Ask for a plan that describes:

• Which files will be created or modified?
• What dependencies exist between components
• What existing patterns will be followed?
• What tests are needed?

Review the plan as you would review a design document. Check that the AI ​​understands your project structure. Verify that it is using the correct libraries and verify that it is not repeating something that already exists.

If the plan looks good, let the AI ​​execute it. If not, fix the project before writing any code. It’s easier to fix a bad project than to fix bad code.

# Asking the AI ​​to write tests that actually test

AI is very good and fast in writing tests. However, AI is not effective at writing useful tests unless you are specific about what “useful” means.

The default AI test behavior is to check the happy path and nothing else. You get tests that verify the code works when everything goes well, which is exactly when you don’t need tests.

Clearly state your testing needs. For each feature, require:

• Pleasant way test
• Validation error tests to check what happens with incorrect input
• Edge case tests for null values, none, boundary conditions, and more
• Error handling tests for database failures, external service failures, and the like

For example point AI to your existing test files. If you already have good test patterns, the AI ​​will write useful tests too. If you don’t have good tests yet, write some yourself first.

# Systematically validating the output

After generating the AI ​​code, don’t just check if it runs. Run it through the checklist.

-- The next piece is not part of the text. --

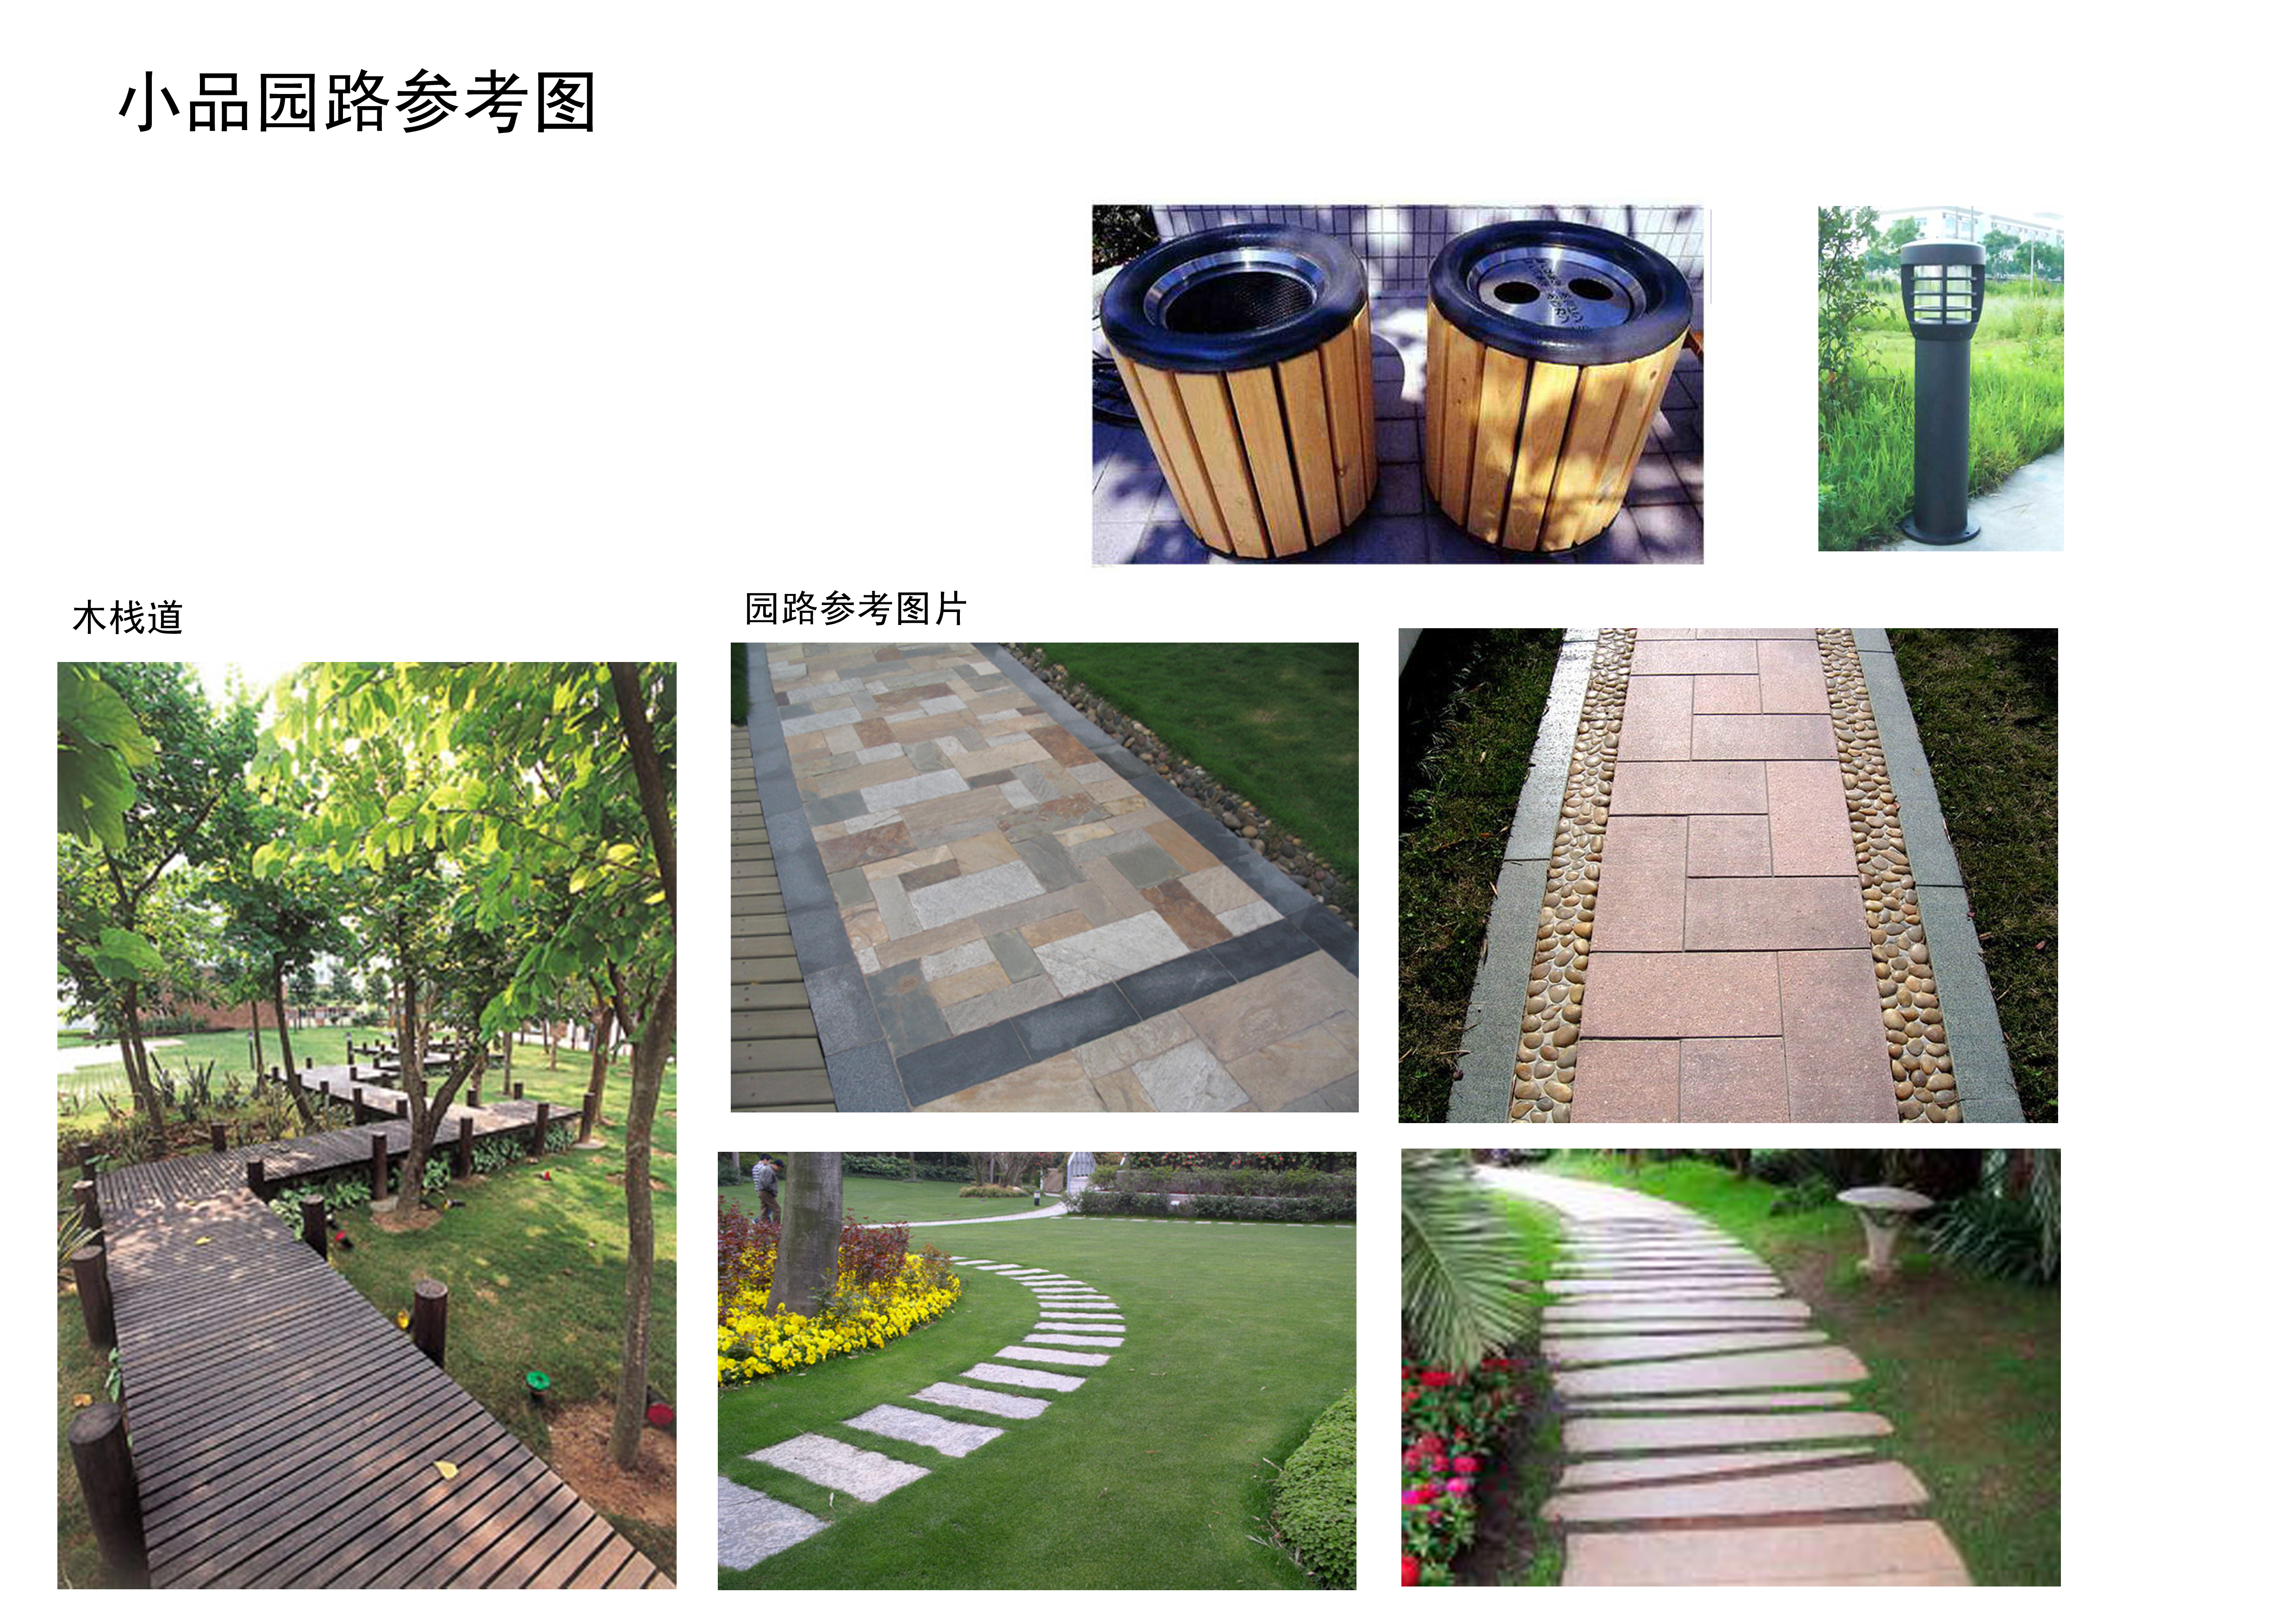 上海大学新校区景观设计

Your checklist should include questions such as the following:

• Does it pass Mypy hard mode?
• Does it follow existing code patterns?
• All the functions are under 50 lines
• Tests cover edge cases and errors
• Do all functions have type pointers?
• Does it use specific libraries correctly?

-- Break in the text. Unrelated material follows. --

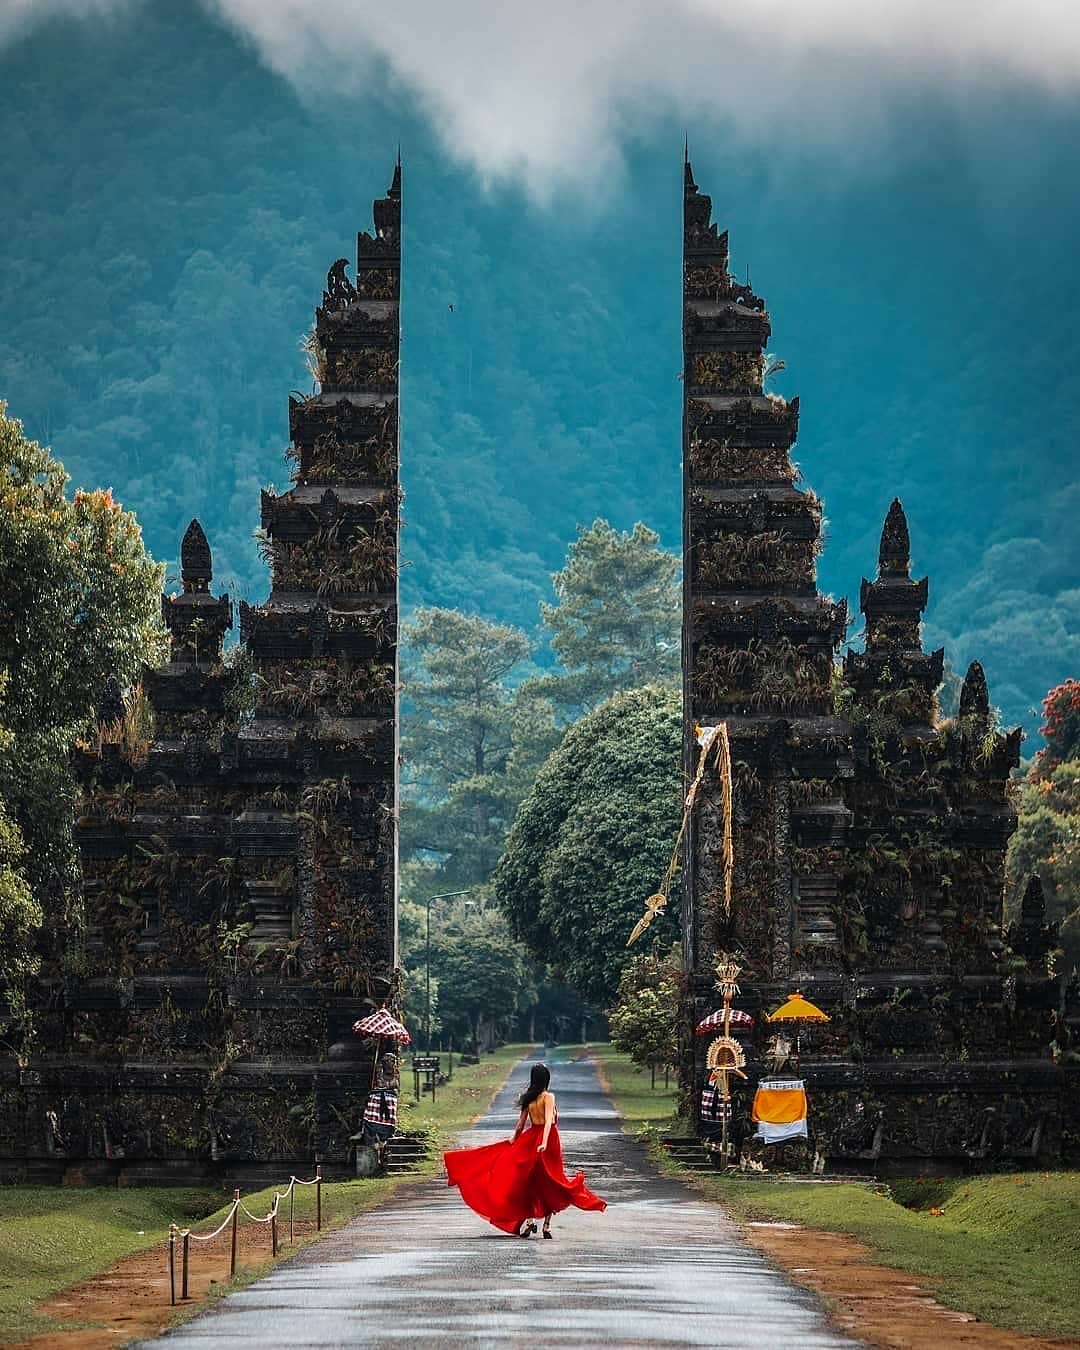 Kinh nghiệm du lịch Bali tự túc

Automate what you can. Setup Pre-commit Hooks that run mypi, Roughand pietists. If AI-infiltrated code fails these checks, it is not committed.

For what you can’t automate, you’ll see common antipatterns after reviewing enough AI code.

# Implementing a practical workflow

Let us now summarize everything we have discussed so far.

You start a new project. You spend time setting up the framework, choosing and installing libraries, and writing a couple of example features. You create Claude.Mid Write specific pedantic models with your guidelines.

Now you ask the AI ​​to implement a new feature. You write a detailed allusion, citing your examples. AI creates a plan. You review it and approve it. AI writes code. You run type checking and tests. Everything passes. You review the code against your samples. It is similar. You commit.

The total time for a prompt can be as little as 15 minutes for a feature that would take you an hour to write manually. But more importantly, the code you get is easy to maintain – it follows the patterns you’ve established.

The next feature runs faster because the AI ​​has more examples to learn from. Code becomes more consistent over time as each new feature reinforces existing patterns.

# wrap up

With AI coding tools proving extremely useful, your job as a developer or data professional is changing. Now you spend less time writing code and more time:

• Designing the system and choosing the architecture
• Implementation reference samples
• Writing constraints and guidelines
• Reviewing AI output and maintaining the quality bar

The skill that matters most is not writing code fast. Rather, it’s designing systems that force AI to write the code that sustains it. It knows which methods scale and which create technical debt. I hope you find this article helpful even if you don’t use Python as your programming language of choice. Let us know what else you think we can do to maintain Ai-generated Python code. What can you do? Keep searching!

Bala Priya c is a developer and technical writer from India. She loves working at the intersection of mathematics, programming, data science, and content creation. His areas of interest and expertise include devops, data science, and natural language processing. She enjoys reading, writing, coding and coffee! Currently, she is working on learning and sharing her knowledge with the developer community by authoring tutorials, how-to guides, opinion pieces and more. Bala also engages resource reviews and coding lessons.